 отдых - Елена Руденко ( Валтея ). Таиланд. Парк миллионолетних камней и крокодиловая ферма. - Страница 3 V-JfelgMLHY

---

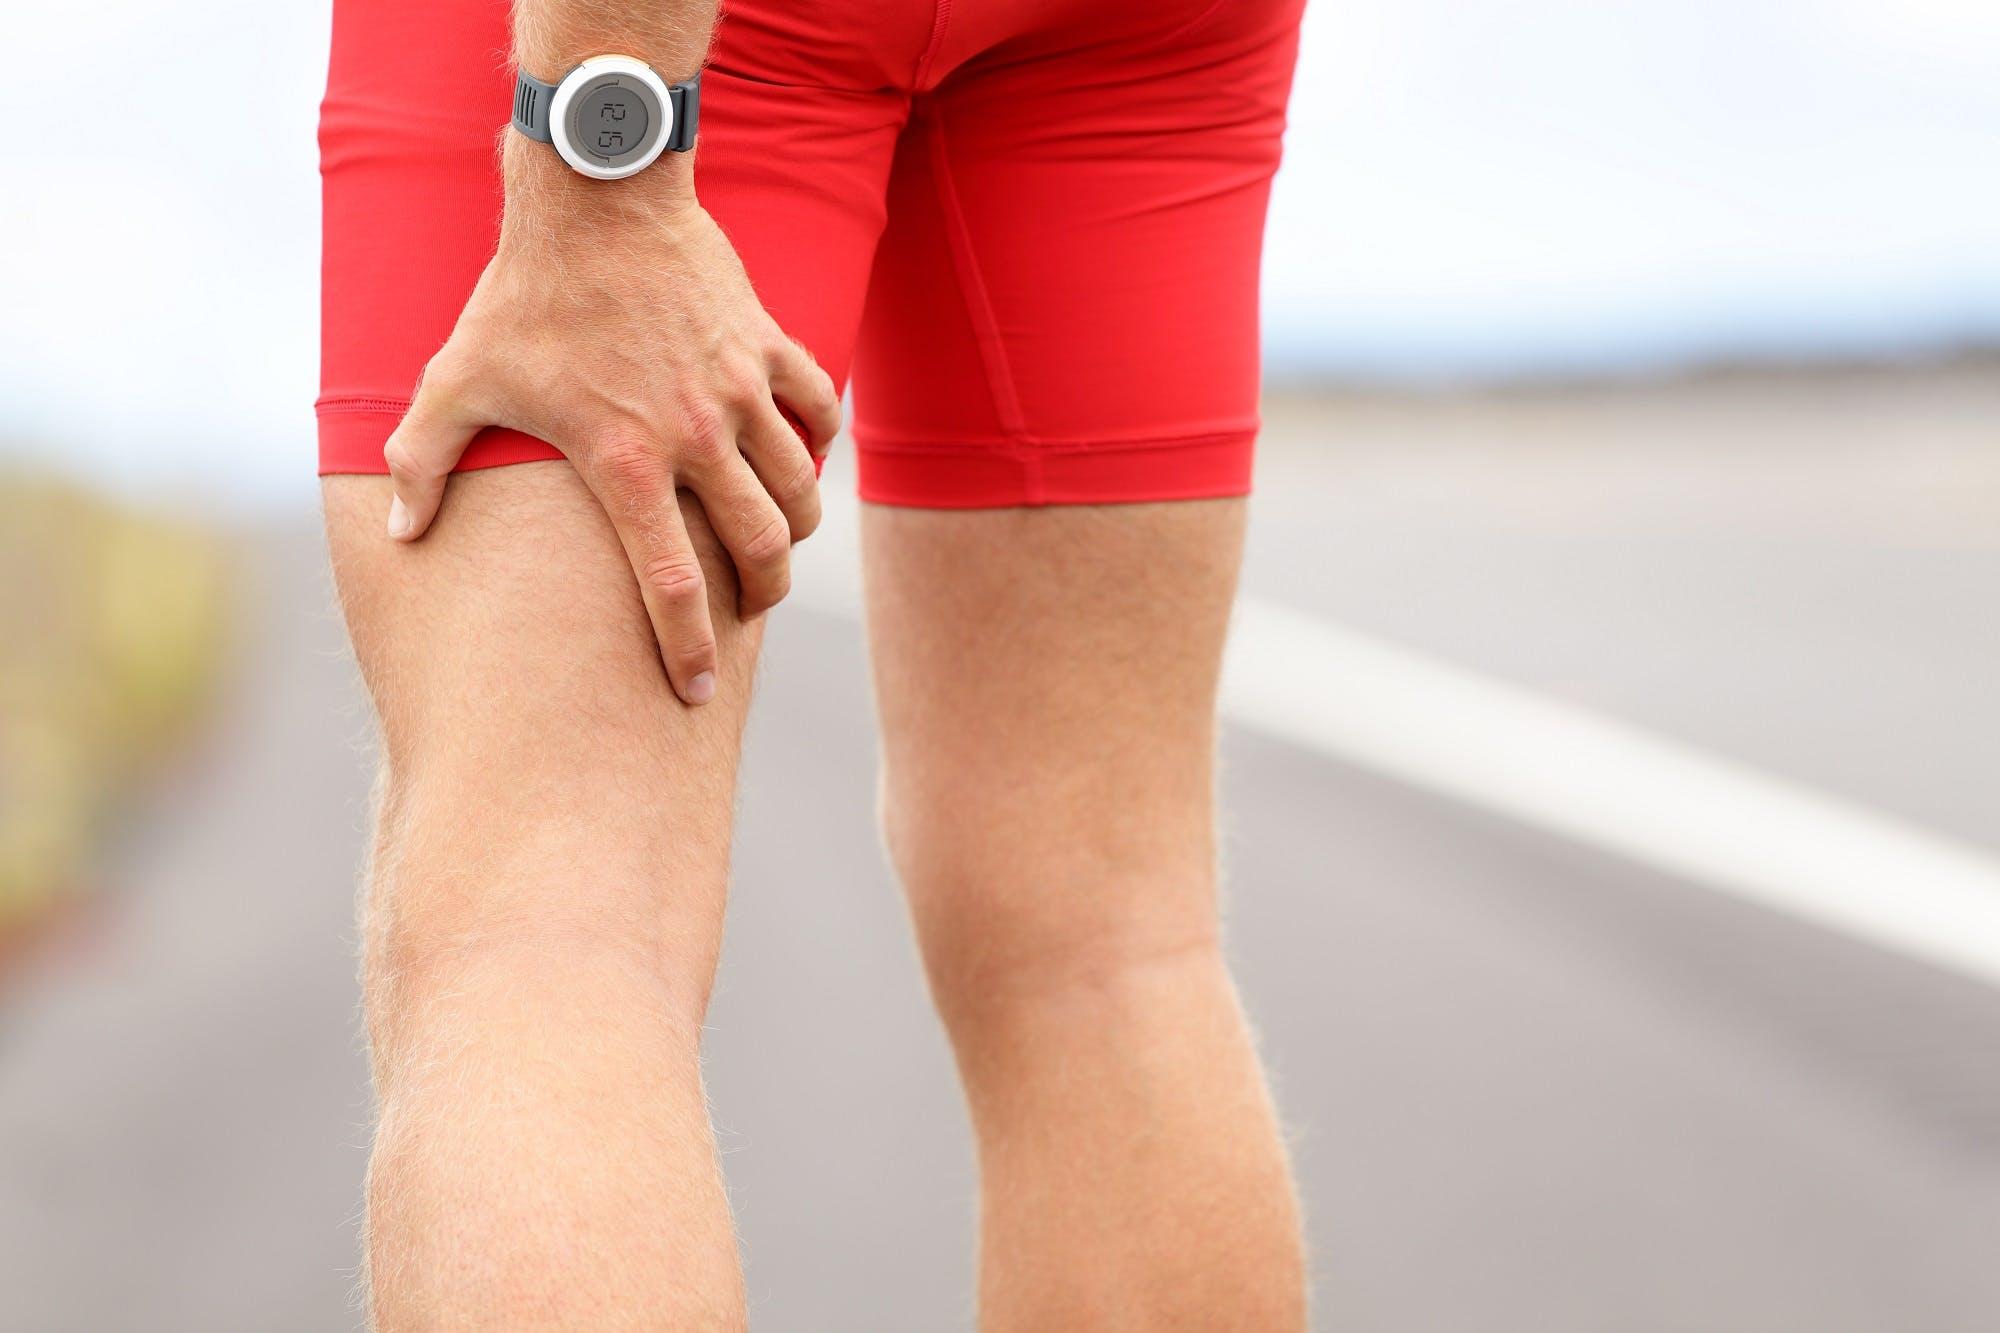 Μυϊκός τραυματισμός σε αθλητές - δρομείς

...

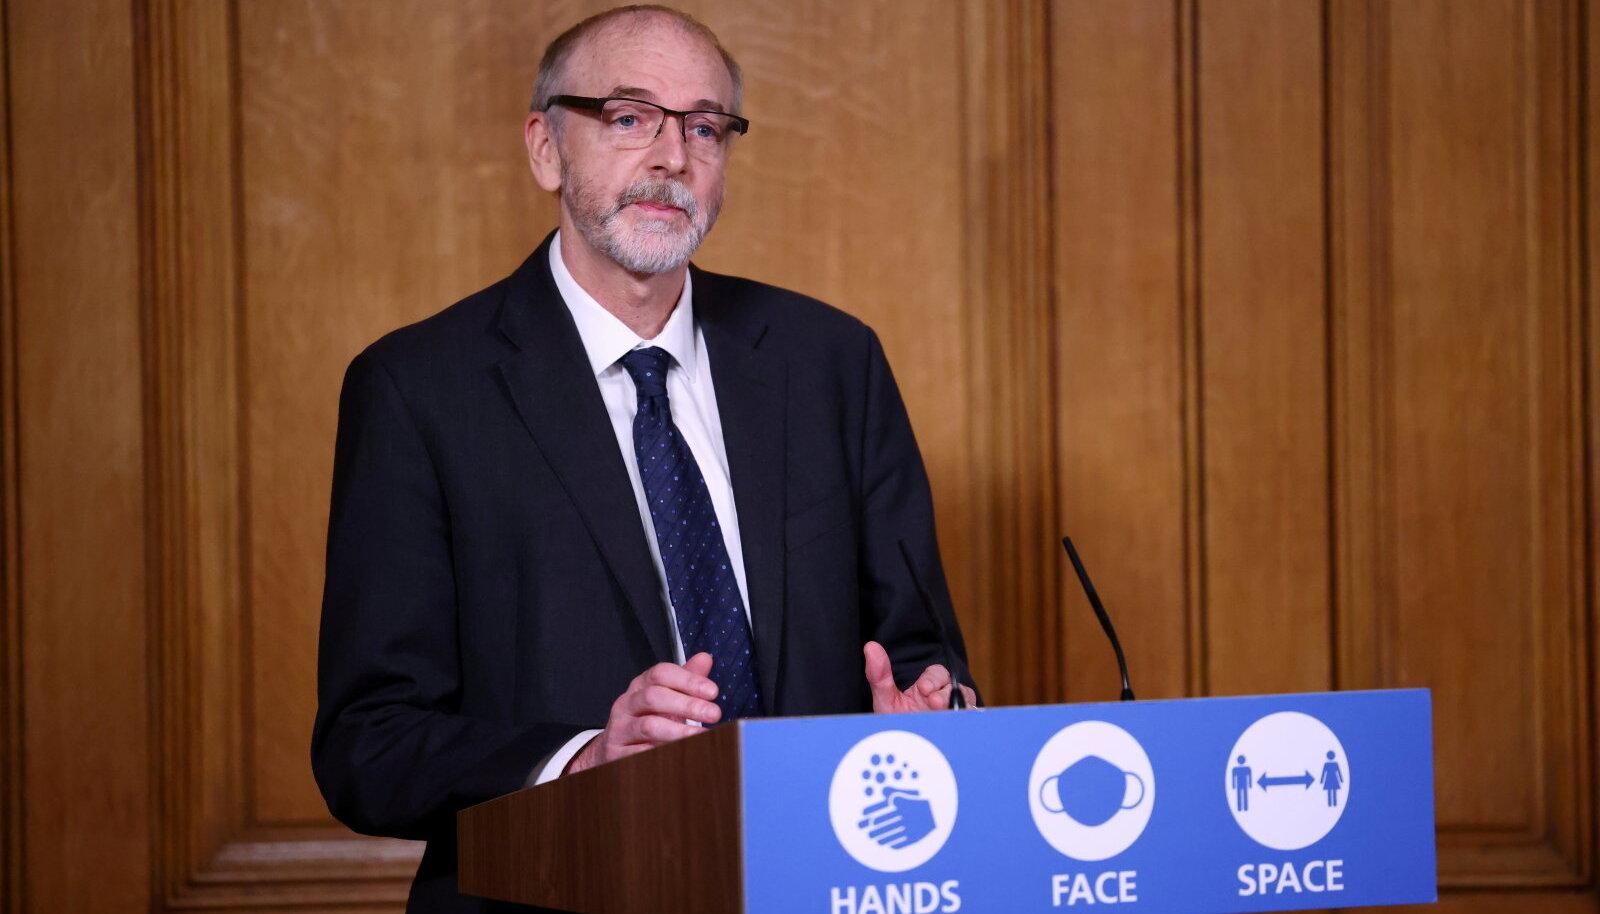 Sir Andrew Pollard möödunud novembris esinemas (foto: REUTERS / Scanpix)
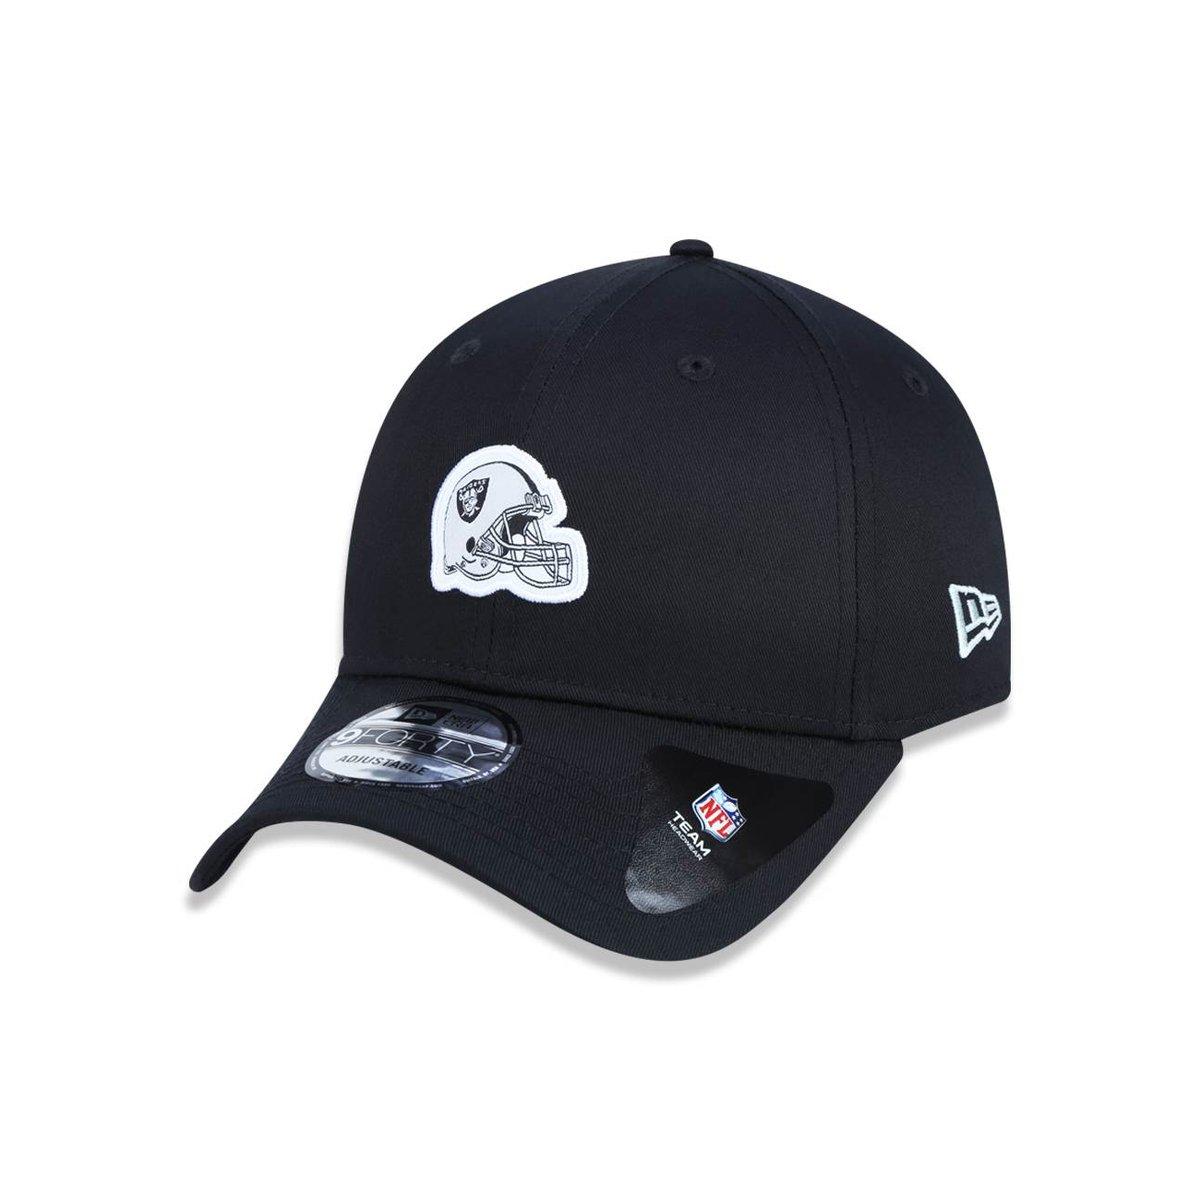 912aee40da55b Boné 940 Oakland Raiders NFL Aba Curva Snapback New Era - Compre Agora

[Task directions]
Copy nothing but the lines above that run from the one with "Sir Andrew Pollard" to the one with "912aee40da55b Boné 940", ends included; pictures stay out.

[Exercise output]
 Sir Andrew Pollard möödunud novembris esinemas (foto: REUTERS / Scanpix)
 912aee40da55b Boné 940 Oakland Raiders NFL Aba Curva Snapback New Era - Compre Agora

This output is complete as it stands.